In bester Verfassung

Zur Verabschiedung der europäischen Grundrechte-Charta

Das Problem hat eine Vorgeschichte. Am 29. Mai 1974 fällte das Bundesverfassungsgericht ein vielbeachtetes Urteil: Rechtsakte der EG seien am Maßstab der Grundrechte des Grundgesetzes zu überprüfen, "solange" kein gleichwertiger geschriebener Katalog auf europäischer Ebene existiere. 1) Diese Position effektiv umzusetzen, hätte die Gemeinschaft in schwere Gefahren gebracht, da sie die Einheitlichkeit des EG-Rechts und damit die Basis des Gemeinsamen Marktes erschüttert, möglicherweise sogar zerstört hätte. Dazu kam es freilich nicht. Am 5. April 1977 veröffentlichten das Europäische Parlament, der Rat und die Kommission eine "gemeinsame Erklärung", in der sie sich nachhaltig zum Schutz der Grundrechte bekannten, "die u.a. in den Verfassungen der Mitgliedstaaten und der Europäischen Konvention zum Schutz der Menschenrechte und Grundfreiheiten definiert sind". 2)

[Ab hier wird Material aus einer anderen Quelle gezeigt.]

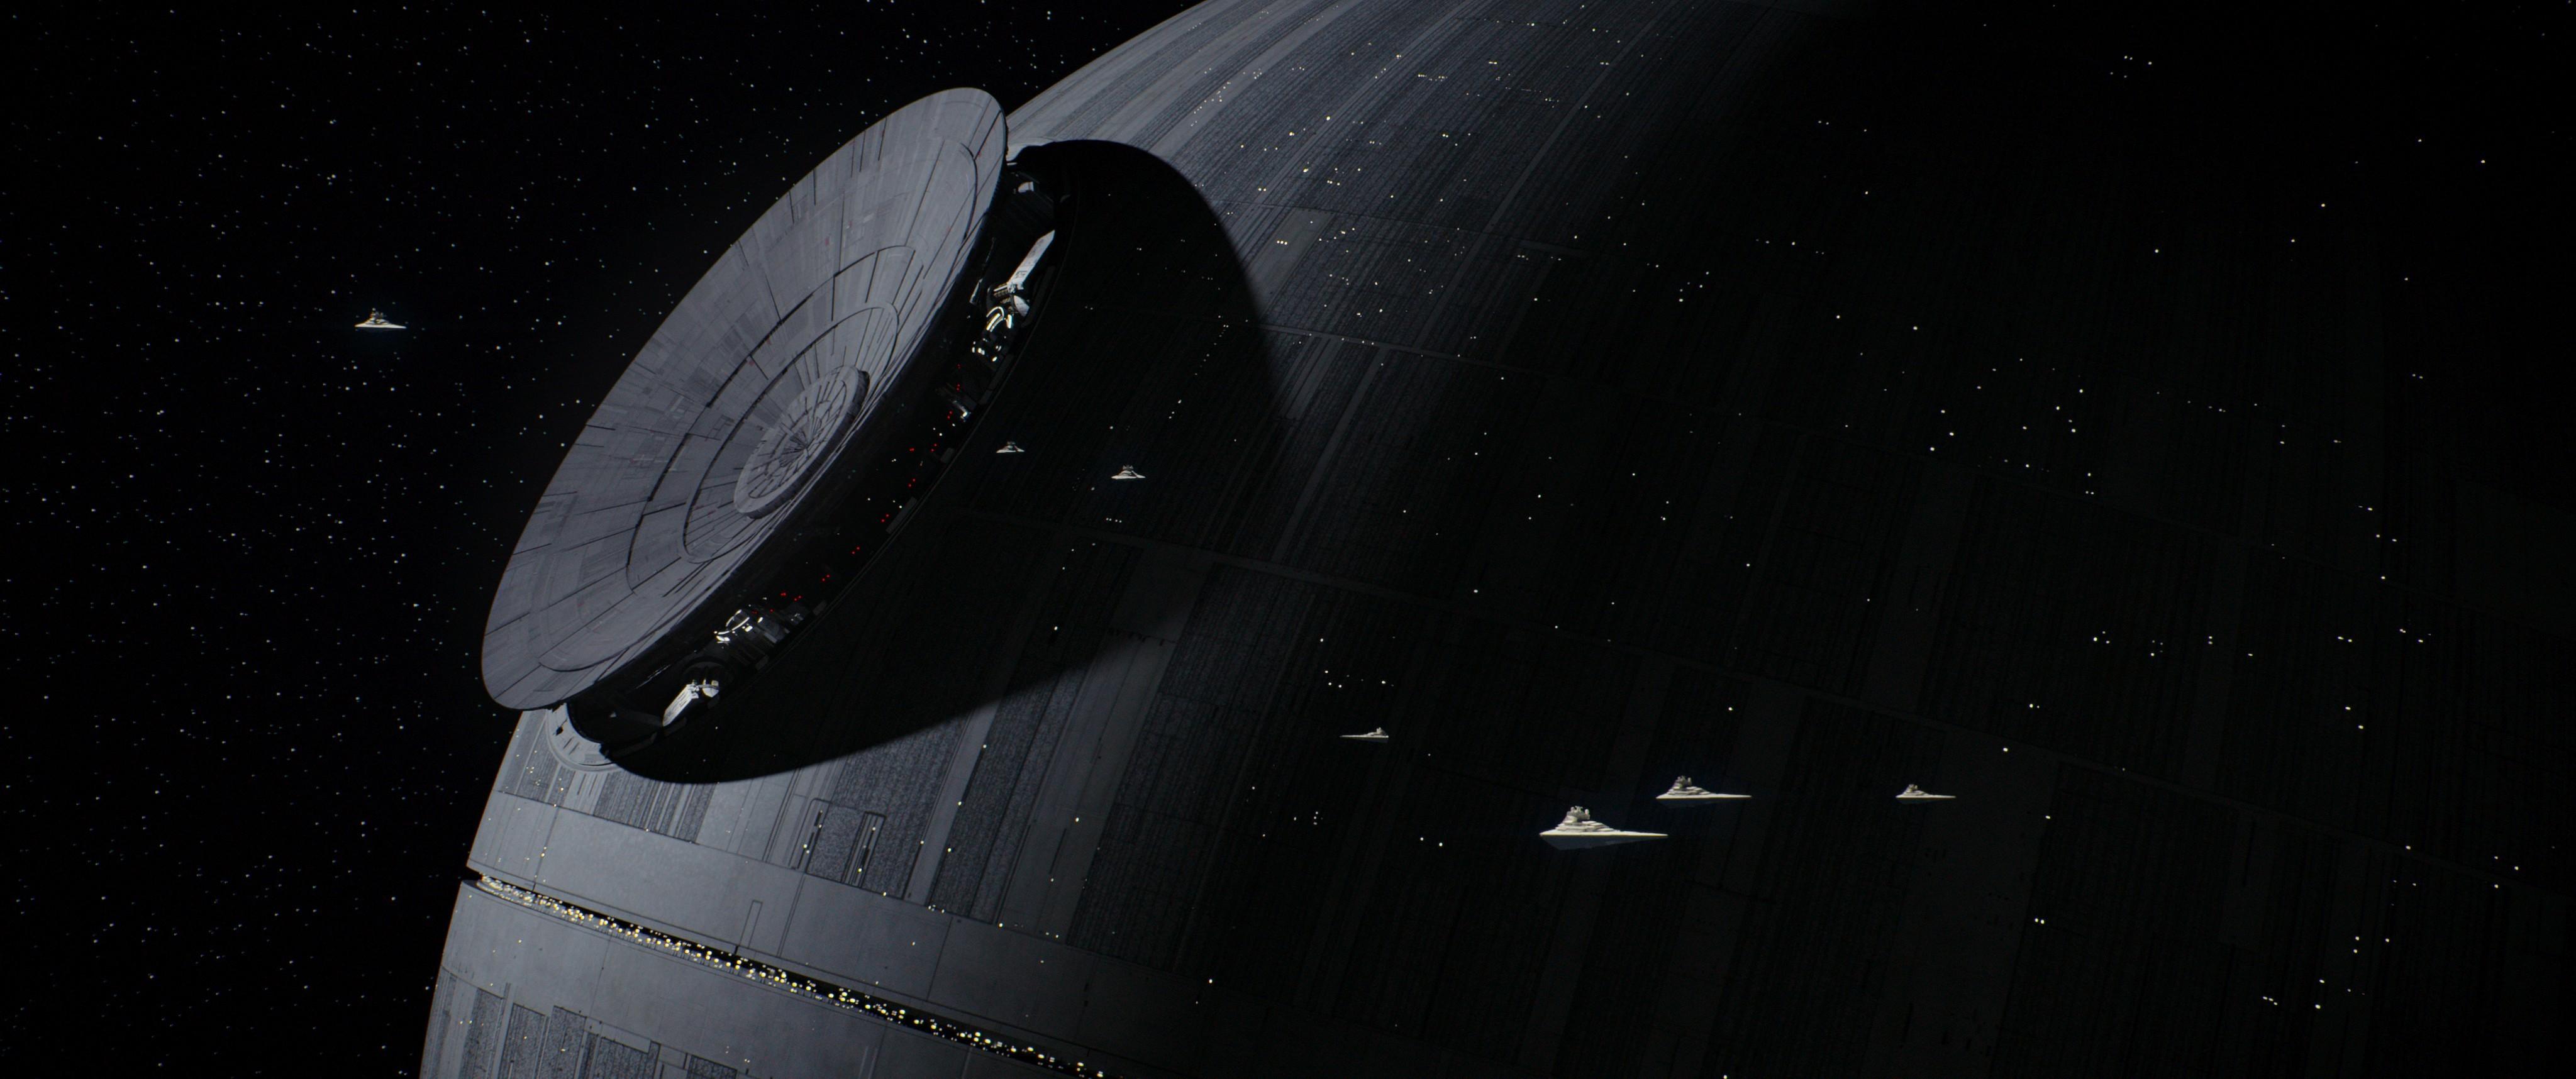 wallpaper rogue one a star wars story star ship best

Der Europäische Gerichtshof (EuGH) betonte in zahlreichen Entscheidungen, daß die Gemeinschaftsorgane Grundrechte zu beachten hätten. Inhaltlich stützte er sich dabei zunächst auf die "gemeinsamen Verfassungüberlieferungen" der Mitgliedstaaen 3), später auch auf die von den Mitgliedstaaten unterzeichneten völkerrechtlichen Verträge über den Schutz der Menschenrechte.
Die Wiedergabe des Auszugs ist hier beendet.